SeaWeek is Australia’s major national public awareness campaign to focus community awareness, provide information and encourage an appreciation of the sea. SeaWeek gives us a fantastic opportunity to promote educational issues of relevance to the marine environment.
To recognise Sea Week 2021 Virtual Excursions Australia is promoting digital resources and virtual excursions between the 8 – 12 March.
My Journey Beneath the Waves
My Journey Beneath the Waves: Diving Sydney’s Rocky Reefs takes you and your students on an exploration of the marine environment. The temperate waters around Sydney are home to a variety of habitats including kelp beds and sponge gardens. These are wonderful place to dive and discover the diversity of animals that live there.
Karen Player shares some of her favourite diving stories to highlight the amazing animals that live in Sydney Rocky Reefs. Take a journey beneath the waves to explore this wonderful world. Learn about some of these incredible animals, their adaptions and habitats.
Scientists of R/V Falkor
Join some of the inspiring female Scientists from the Schmidt Ocean Institute to get a taste of the exciting science careers aboard R/V Falkor. This panel will celebrate International Women’s day by bringing together women in the marine sciences of all career levels and background to discuss their diverse paths and experiences, and promote the visibility of women in the marine science community.
Making Connections with Communities
Join us for a conversation with a team of pioneering female geologists, ecologists and botanists from the University of Tasmania who will be discussing their experience as women working in Science and the ways of communicating and raising awareness of science-related issues and topics. They will explore the opportunities to collaborate with other academic disciplines and how to make connections with the wider community.
Tackling global challenges
Find out more about the career opportunities in marine science from a group of inspiring female scientists at the University of Tasmania’s Institute of Marine and Antarctic Science and the Centre for Socioecology. Our speakers will tell you about their travels to the Antarctic and the Tropics, and discuss the significant contributions that Marine Scientists can make to global environmental challenges through understanding ecosystems and our diverse impacts on them.
An Ocean Journey with Plankton
Delve into the world of plankton – a group of microscopic plants and animals with incredible importance for aquatic food webs worldwide. This talk will first introduce the ecology and biology of these organisms followed by a Q+A.
Raissa Gill will share her experience from finishing high school in 2012 to where she is today, and will talk about some scientific research that she’s been involved in over the past two years, including her work on the citizen science project “Adrift” and her honours research project on the implications of temperature variability on photosynthetic plankton.
Online Resources
Australian Environmental Education
Oceans contain the greatest diversity of life on Earth.

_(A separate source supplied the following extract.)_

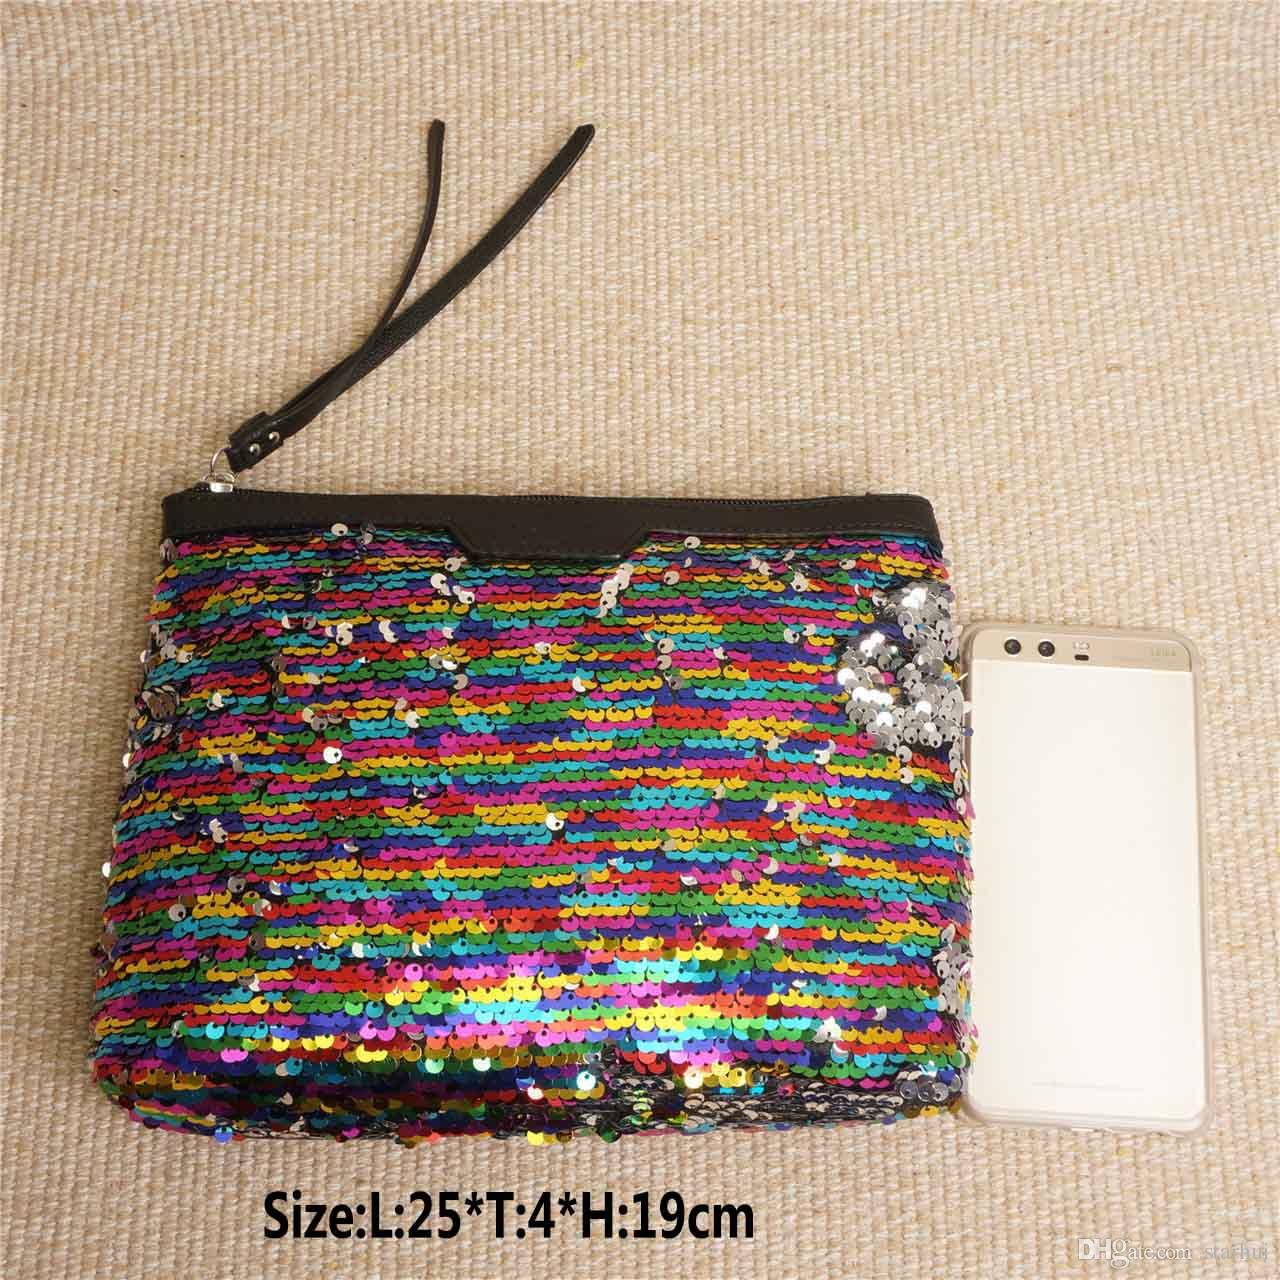 Luxo Sequins Storage Bag For Women Cosmetic Makeup Mermaid Clutch Handbag Início Moedas Organização Armazenamento WX9-362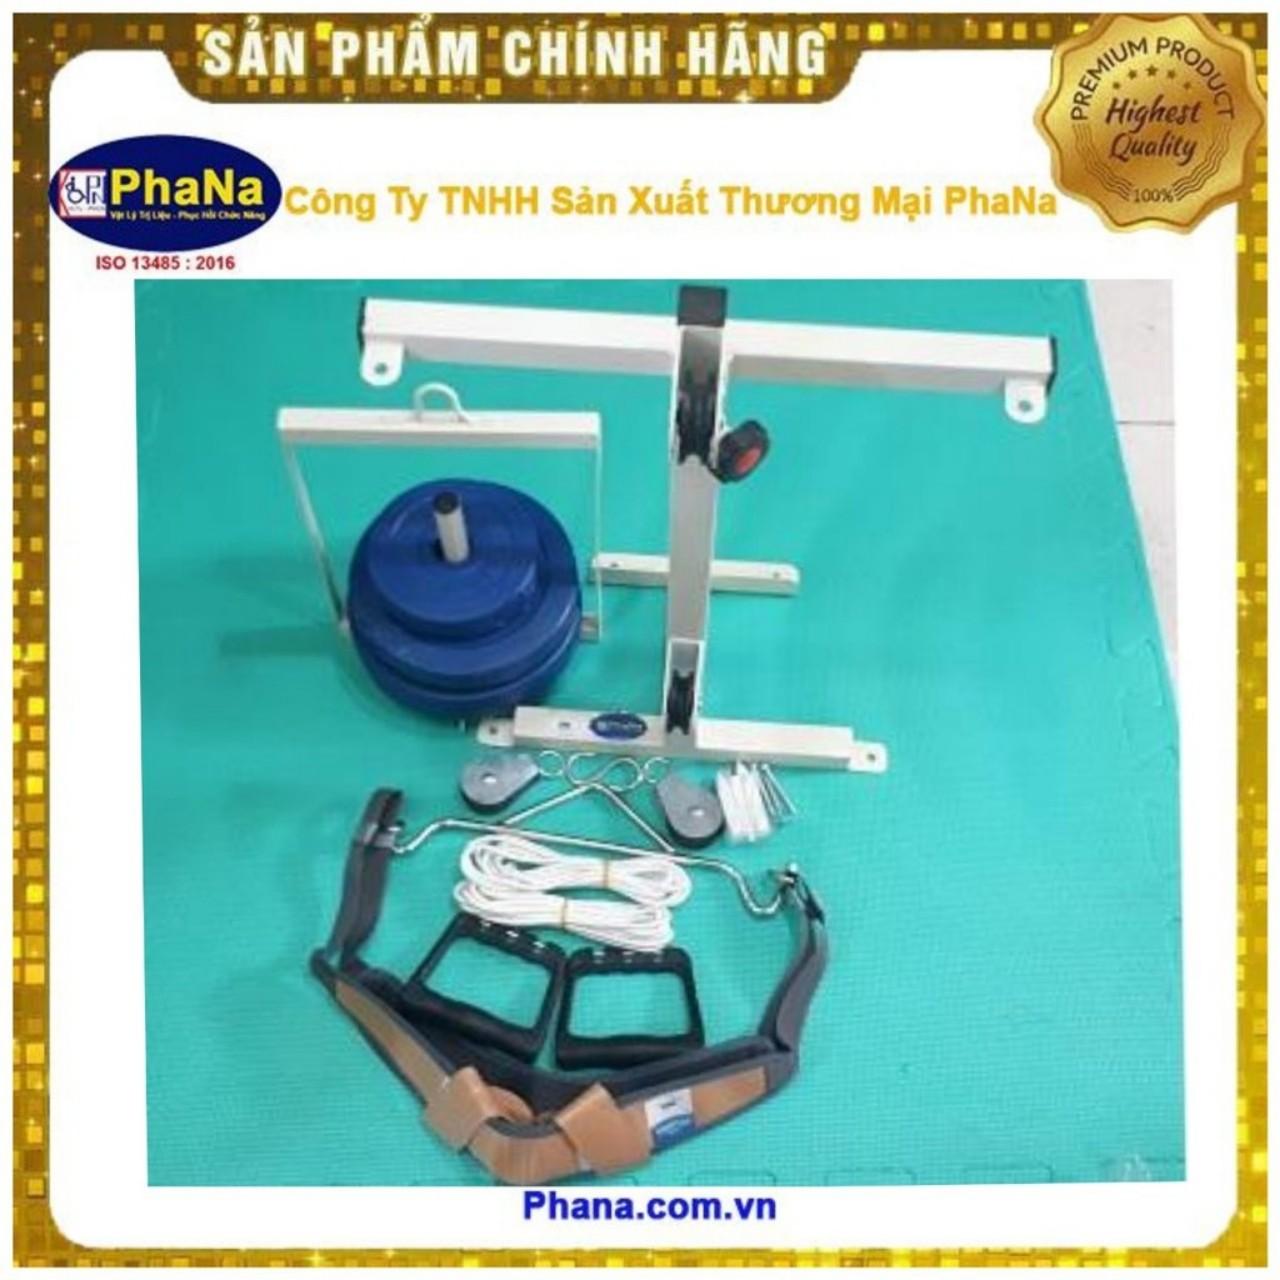 Dụng cụ kéo cổ tập tay/Bộ khung kéo cổ + kéo ròng rọc tập tay gắn tường PN-BKCTN

Habitats range from the freezing polar regions to the warm waters of the coral reefs, deep sea hydrothermal vents to shallow seagrass beds and beautiful sponge gardens to giant kelp forests, marine organisms are found everywhere.
Diving Stories
Marine resources
Ocean Life Education
Landcare Learning Centre: Caring for our Coasts.
Australia is home to the over 10,000 beaches and no part of Australia is more than 1,000km from the ocean. Our coasts are impacted by our actions on land. Rubbish and microplastics can be found washed up on almost every Australian beach.
Pollution and rubbish get washed into our rivers and waterways with stormwater runoff and end up on our coasts and oceans. Over 75% of this rubbish is plastic. Plastics in the environment can take hundreds of years to break down, thereby impacting marine species for generations.